**DATA EXTRACT**:
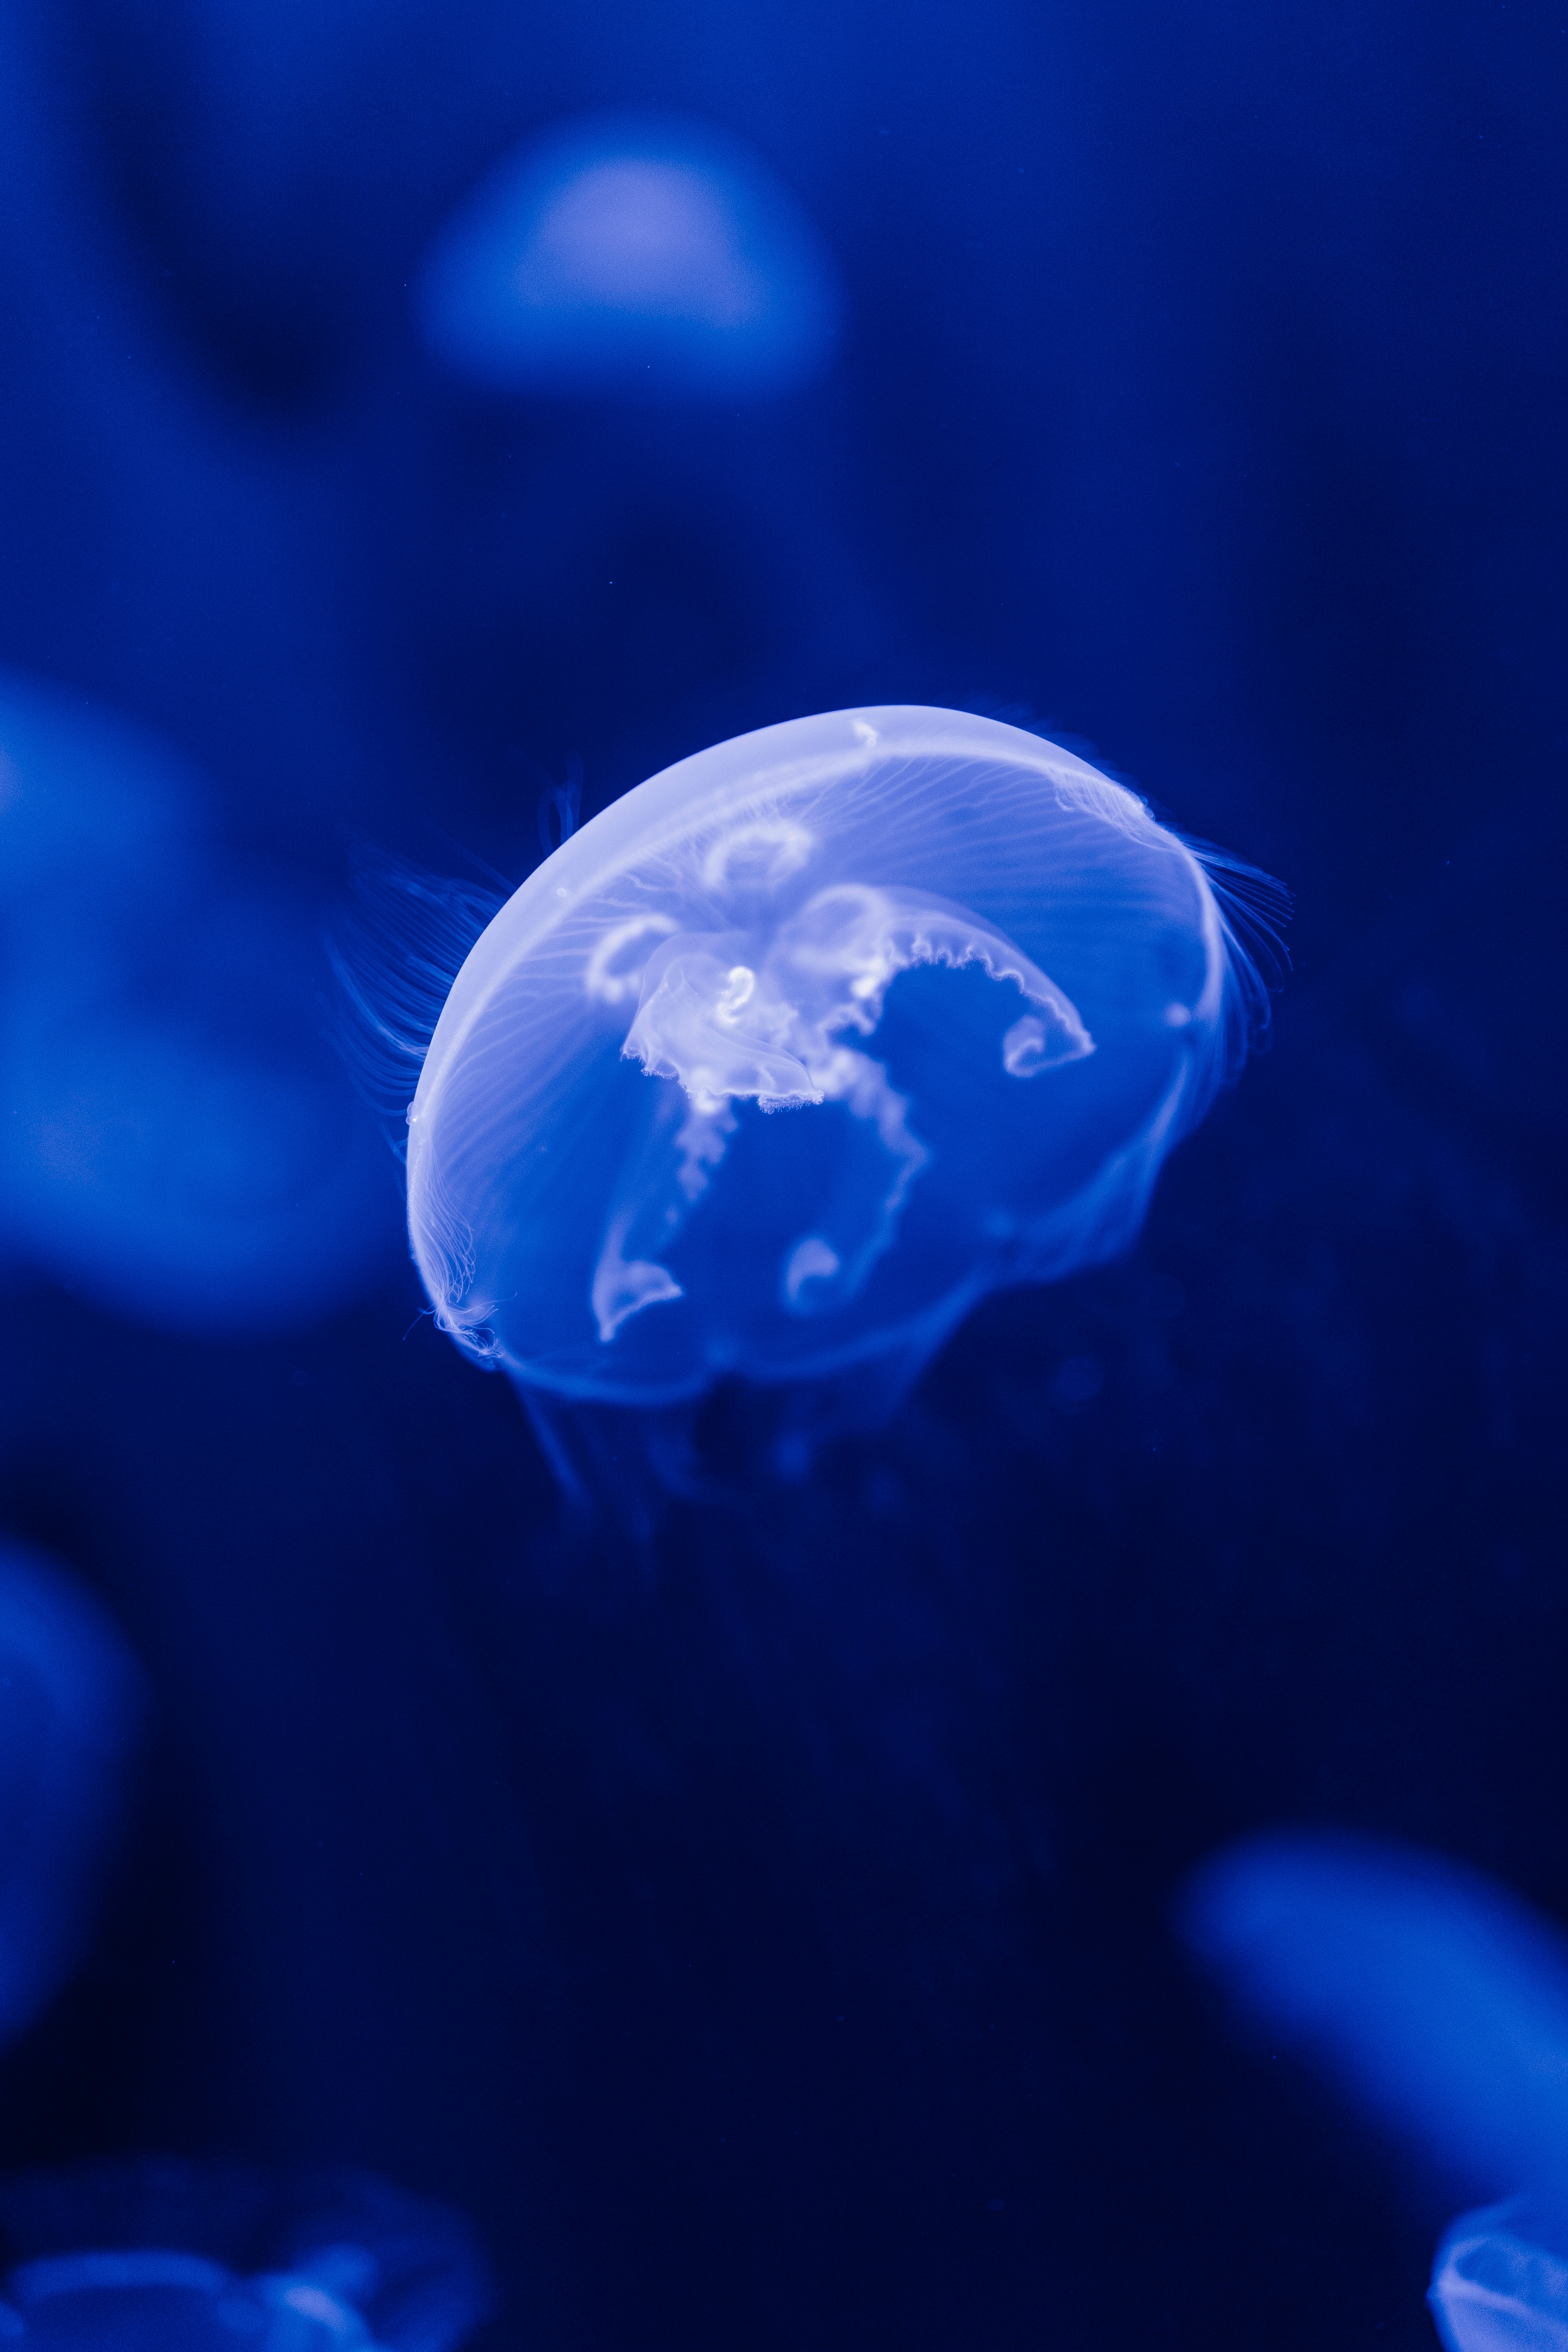 under water, blue, animals, sea, jellyfish, transparent, underwater cell phone wallpapers
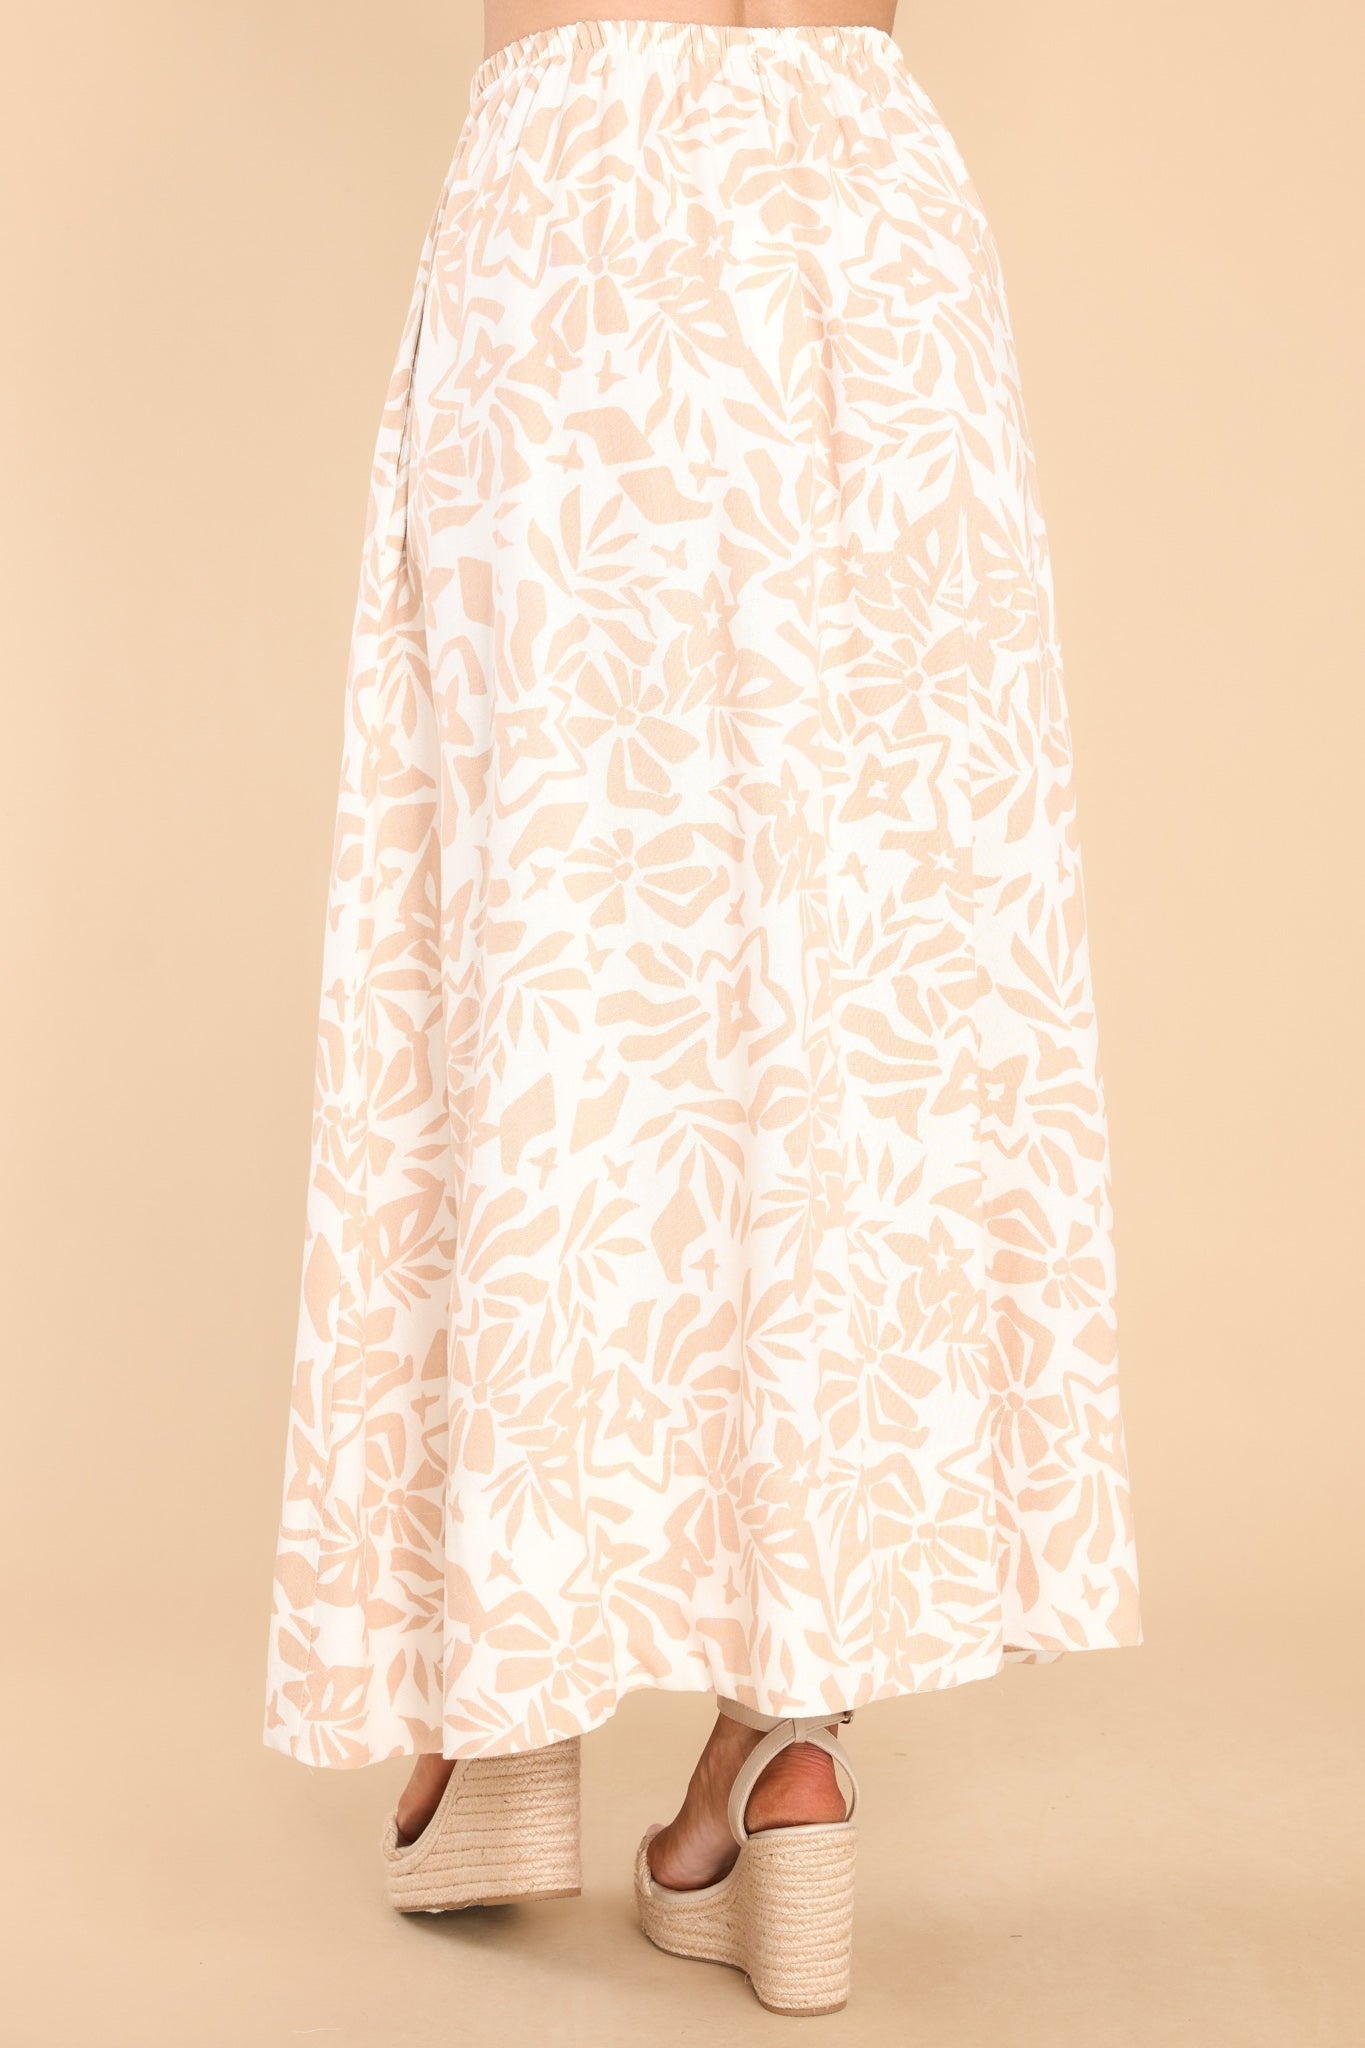 Back view of this skirt that features a high elastic waistband, pockets at the hip, and is flowy throughout.
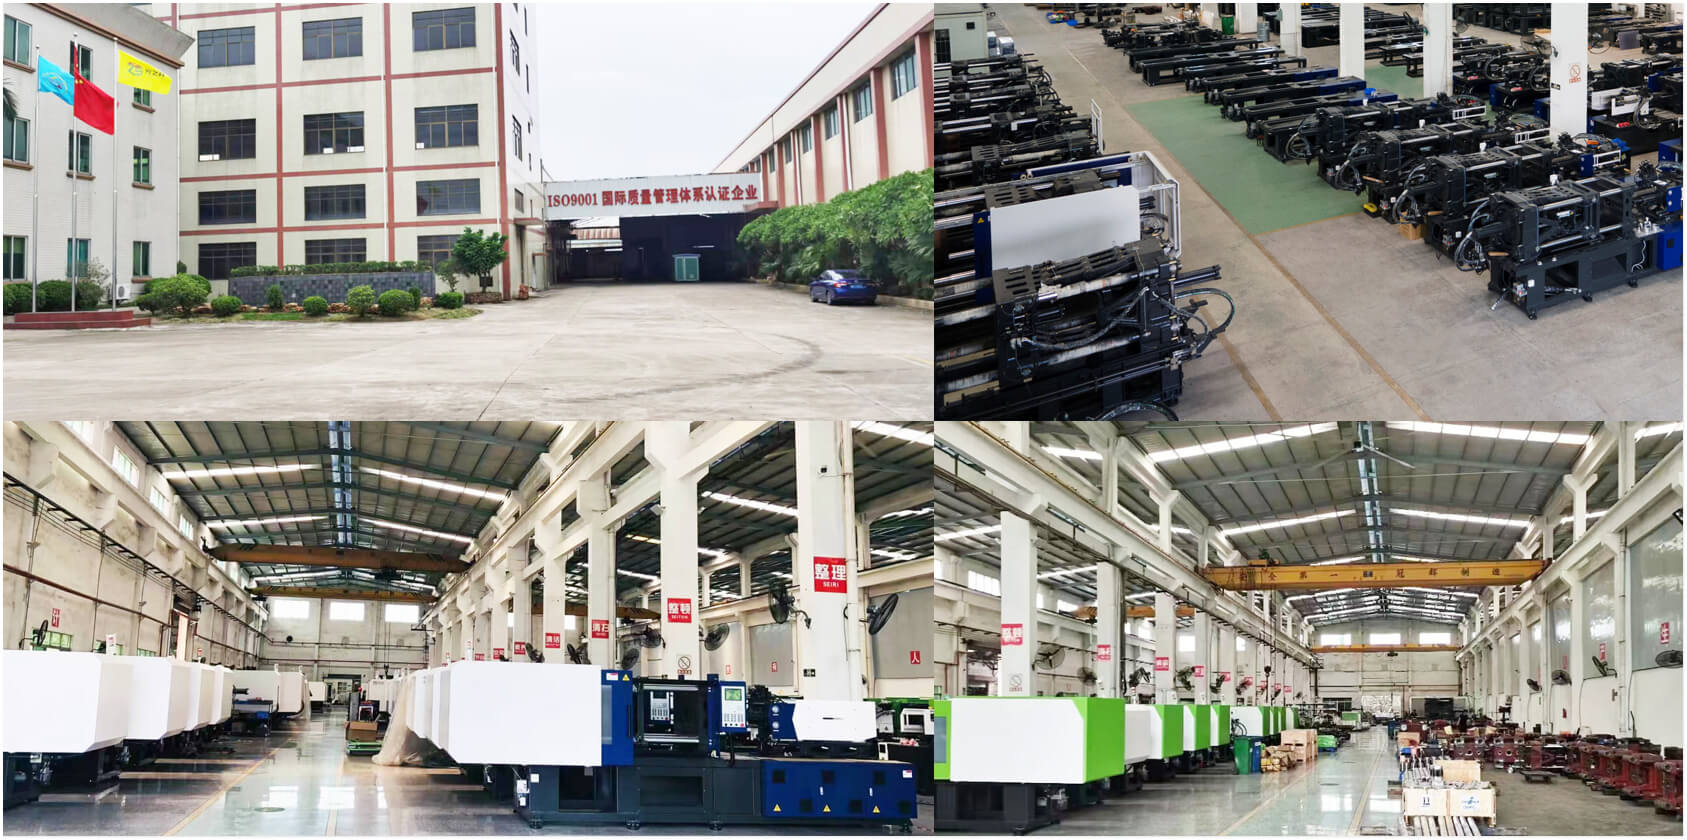 Professional Plastic injection blow molding machines manufacturer & supplier in China
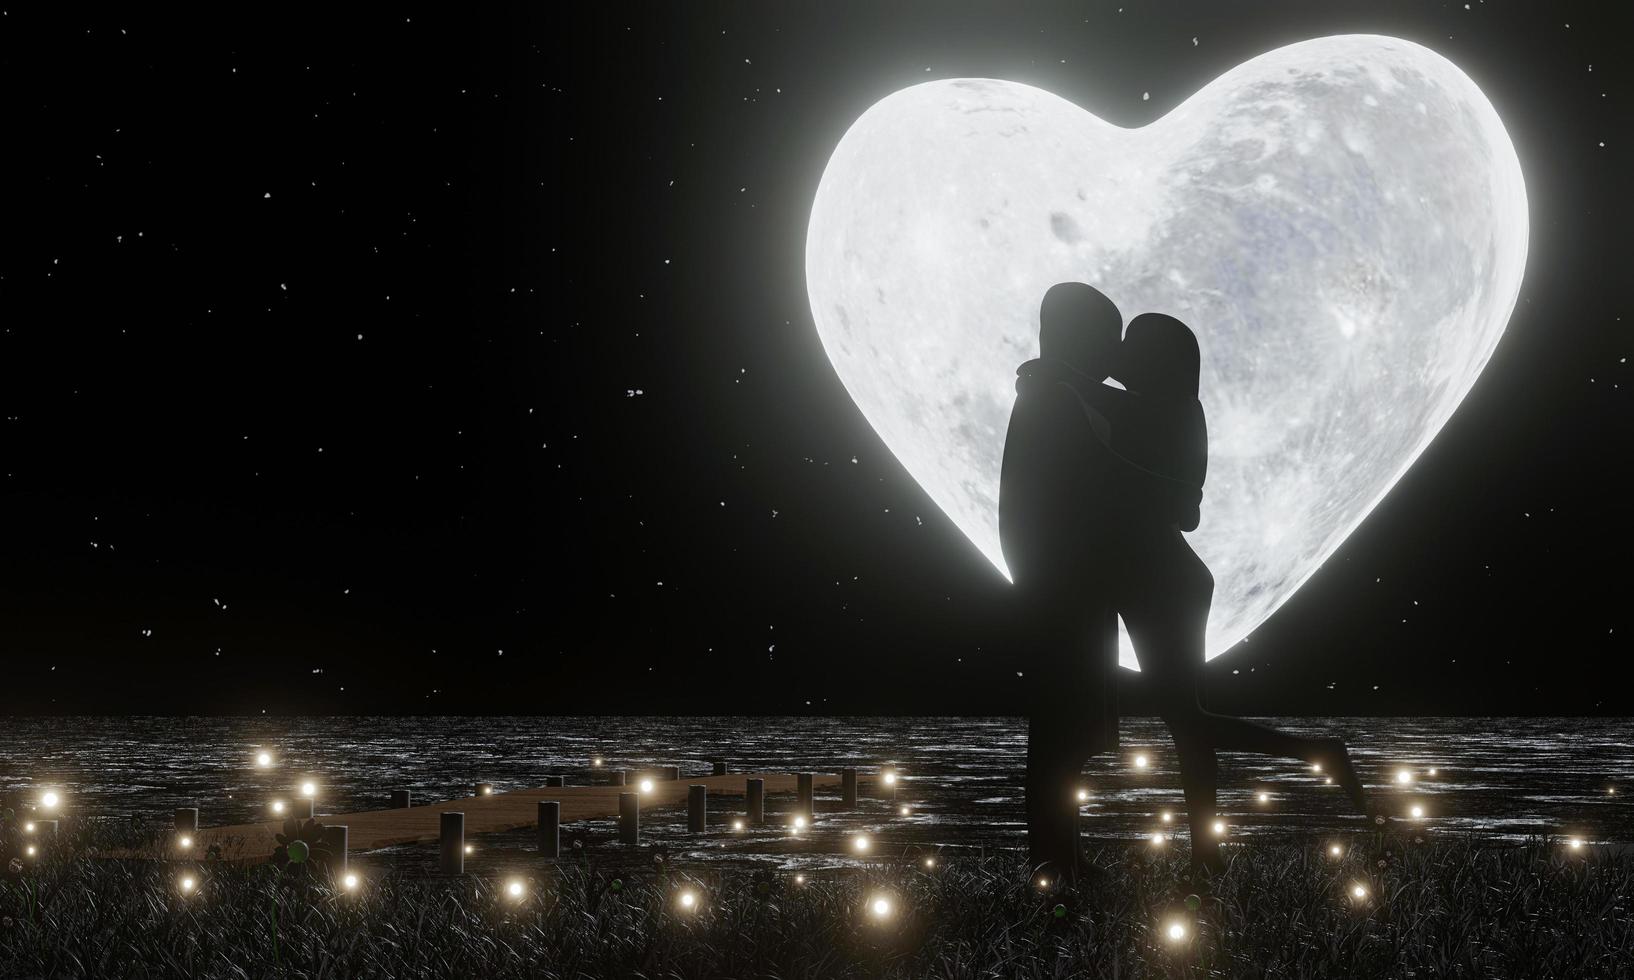 Silhouette Lovers Kissing Romanticly. Heart shape full moon and star full of the sky as the background. Fireflies fly over the grass and the water surface. Romance and marriage proposals. 3D Rendering photo

**ASSIGNMENT**: Copy only this, please: the line with "Professional Plastic injection" and every line after it through the end of the data, with no pictures.

**YOUR RESPONSE**:
 Professional Plastic injection blow molding machines manufacturer & supplier in China
 Silhouette Lovers Kissing Romanticly. Heart shape full moon and star full of the sky as the background. Fireflies fly over the grass and the water surface. Romance and marriage proposals. 3D Rendering photo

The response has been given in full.